IBM announces new system-on-a-chip

IBM introduced what it claims to be the world’s smallest computer for blockchain technology at IBM Think 2018, according to a report by Mashable.

The miniature computer IBM premiered is a complete system-on-a-chip (SoC) reportedly “smaller than a grain of salt.” The chip includes a processor, memory, storage and communication module. The computing power of the chip is comparable to that of the x86 chip from 1990. Although that is not very fast by conventional computer standards, it is impressive given the chip’s size.

According to IBM, the chip can integrate with “several hundred thousand transistors,” enabling it to, “monitor, analyze, communicate, and even act on data.” IBM said the chip costs less than 10 cents to produce and will serve as a data source for blockchain applications. The computer was made to track the shipment of goods in addition to detecting theft, fraud and non-compliance. Additionally, it can perform basic artificial intelligence (A.I.) tasks, such as sorting data it is fed.

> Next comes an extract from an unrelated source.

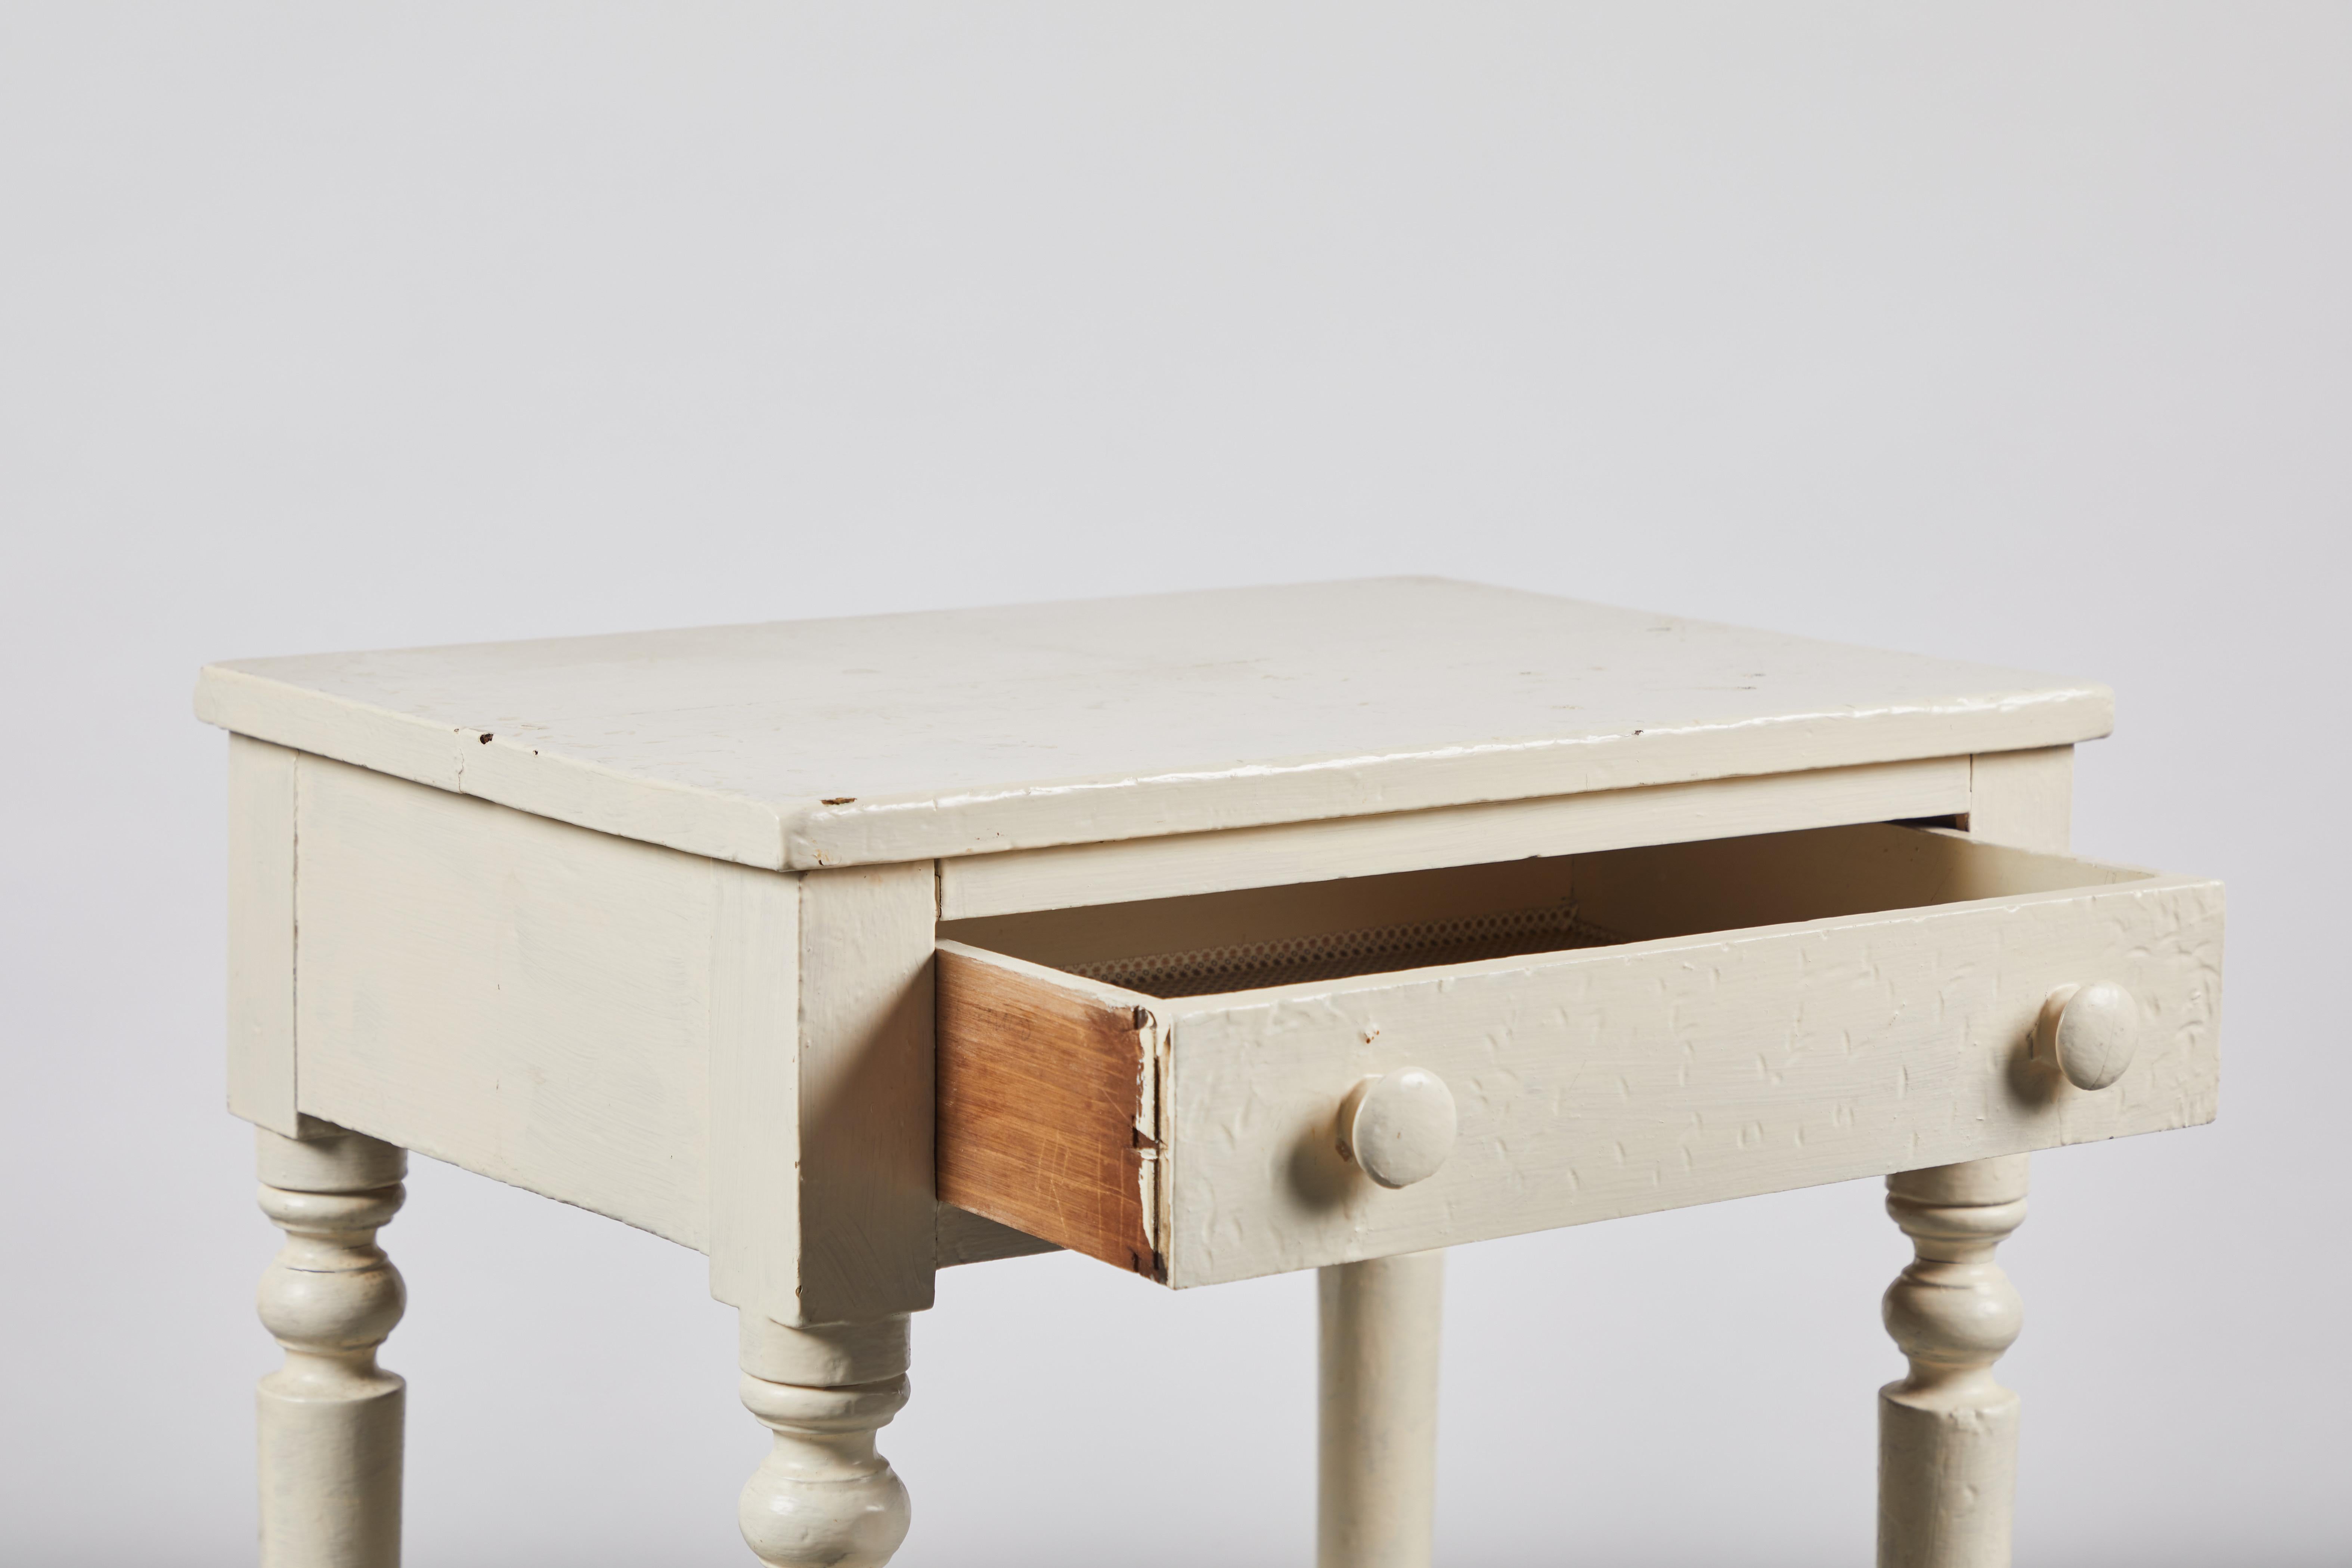 Early American white painted side table with turned legs and a single drawer.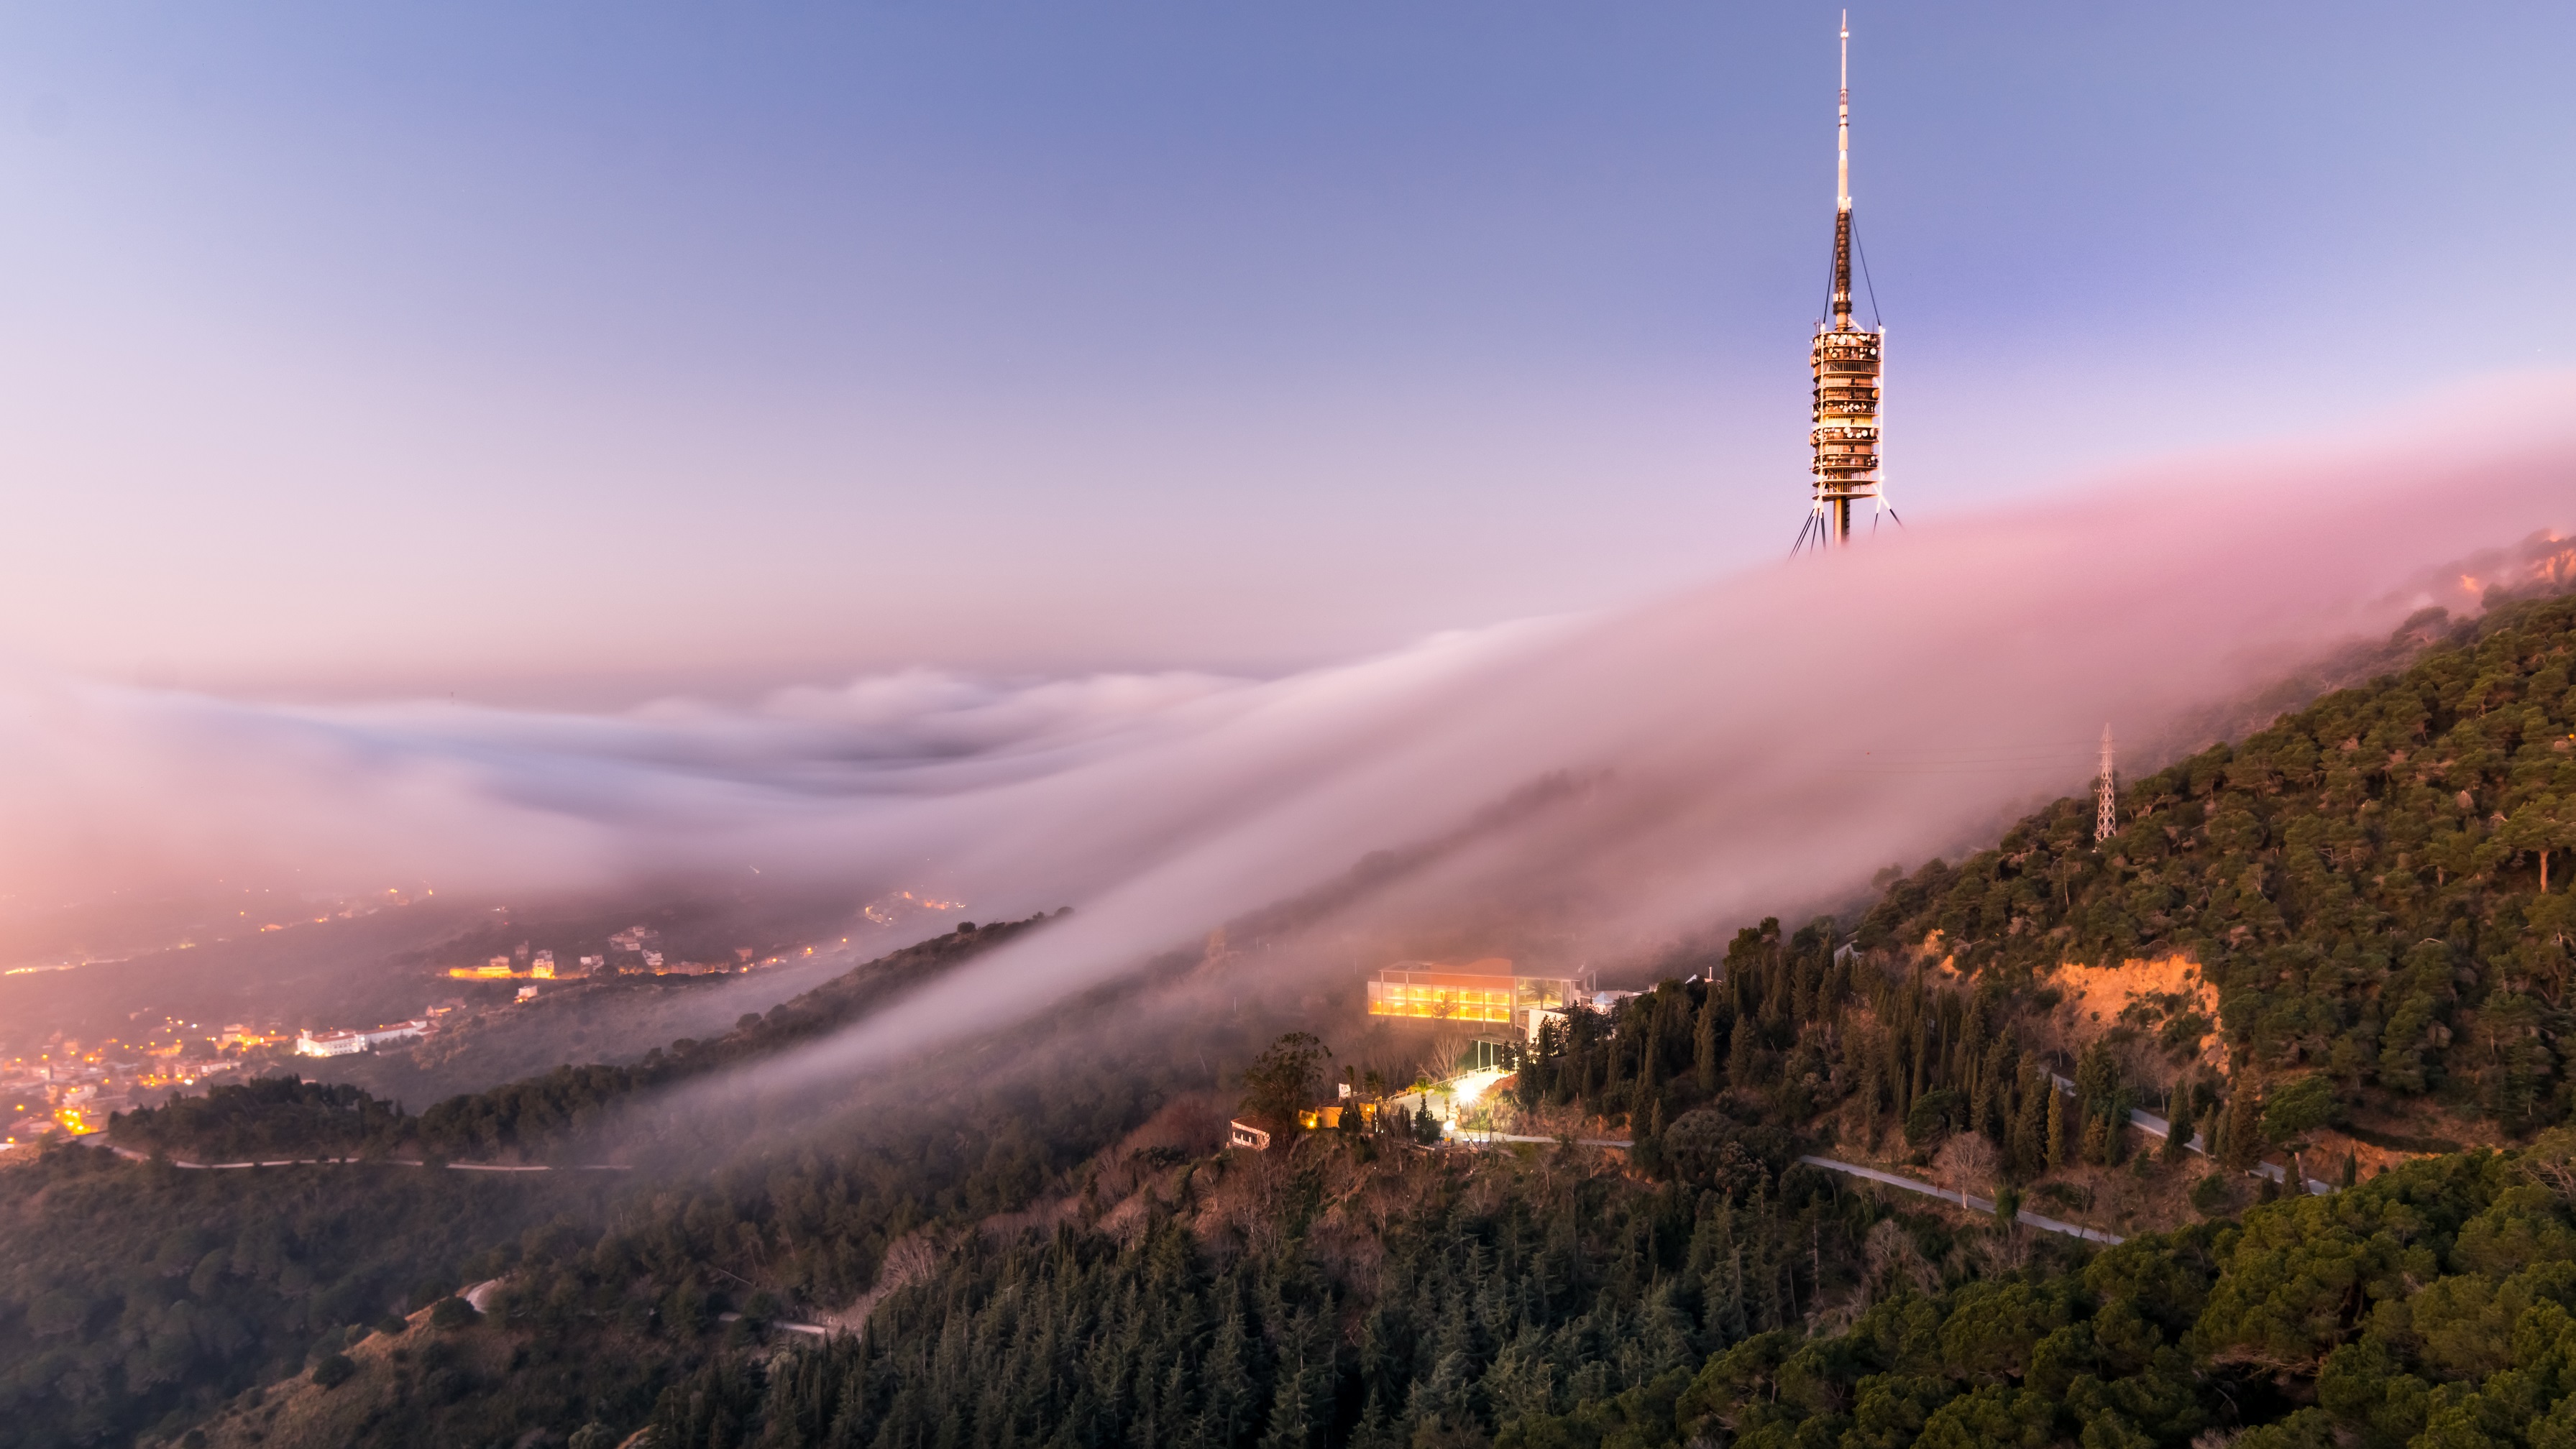 1st Place Awesome cloudfalls in Barcelona from Fabra Observatory by Alfons Puertas @alfons_pc

“Within the next five years, cryptographic anchors — such as ink dots or tiny computers smaller than a grain of salt — will be embedded in everyday objects and devices,” wrote Arvind Krishna, head of IBM Research, in a company blog post. “They’ll be used in tandem with blockchain’s distributed ledger technology to ensure an object’s authenticity from its point of origin to when it reaches the hands of the customer.”

Blockchain is a way of performing online transactions in a distributed, decentralized way leveraging a public ledger. With the technology, users can forward bundles of records, known as blocks, into a chronological chain, sealing it with a mathematical language called cryptography. The technology became popular as a means of powering the digital currency Bitcoin. Since then, however, IBM and a host of other companies have been looking to tap into potential use cases of blockchain technology that extend well beyond cryptocurrencies.

This isn’t the first time IBM has made headway with small computer chips. In 2015, for example, IBM took the title for making chips with the smallest components. Last year, the company also teamed up with Samsung to create one of the world’s smallest chips.

An exact release data for the chip is not clear as IBM researchers are testing its first prototype. Nevertheless, the company said it could start offering the miniature computers to customers in the next 18 months.